Некая рука сгребла ее, оттащила назад.
– Дальше, мамаша, без вас обойдется! – шипел ей на ухо знакомый голос. Где-то крикнули:
– Рабочих бьют!
С недоброй торопливостью протискивались поближе к шуму барахольщики, лоточники. Тишка бездыханно взирал на чьи-то щеки, подобные волосатым шарам, слышал тяжелый дых: это те, хозяева, доискивались его. Среди них крестился бородавчатый старичок. Все валилось на Тишку круженьем, убоем... Присные Василия Петровича отпихнули его к себе за спины. Спины были в пиджаках, крутые, нацеленные.

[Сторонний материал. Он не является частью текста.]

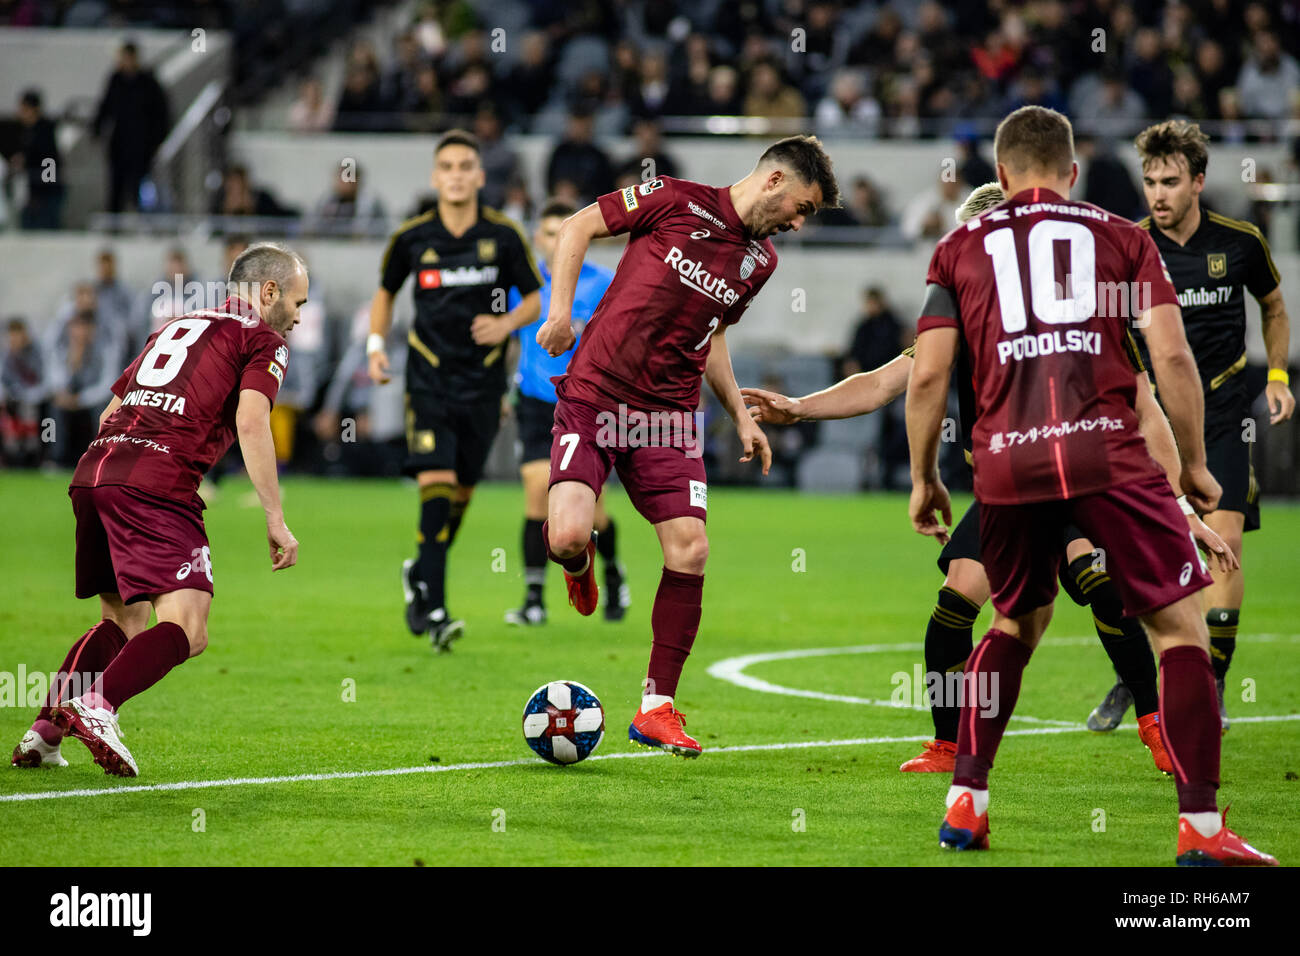 Los Angeles, USA. 31st Jan, 2019. Vissel Kobe's David Villa (7) mixes it up with teammates Andrés Iniesta (8) and Lukas Podolski (10) during the second half of their match against LAFC. Credit: Ben Nichols/Alamy Live News Stock Photo

Меж обеих человечьих стен прошлась пустота. Обе стены поталкивались, пошатывались. Василий Петрович переминался, по-прежнему руки в карманы.
– Ну?
Вдали плутал милицейский свисток. Из базарной гущи выперло кряжистого сонного рыбника. Он сказал:
– Ворье покрывать?
И базарные, гудя, надвинулись. К Тишке подбежал в раскрыленной шубе Журкин. Спины в пиджаках теснились назад, отталкивая обоих. Гробовщик глянул: наплывали знакомые, в диком волосе, косогубые от злобы хари. Словно уже рухали обугленные бараки, пламя жрало долину, человечьи труды... В Сызрани случались когда-то разудалые бои. Гробовщик, не переводя духу, засучил рукава и быком пошел вперед.
И стена колыхнулась вместе с ним. Он вывалился на базарных, в шубе до полу, вровень им, пожилой, густокосматый, свирепо выворачивающий из рукавов руки-корневища. Базарные замешкались.
– Какого Каина выпустили!
– Берегись, у них пушки...
Последнее относилось, должно быть, к Подопригоре, который прорвался вслед за Журкиным. Но Подопригора отнюдь не имел обличил человека, готового к драке. Он спрашивал охлаждающе:
– В чем дело, граждане?
Он по-свойски попридержал за грудь освирепевшего гробовщика.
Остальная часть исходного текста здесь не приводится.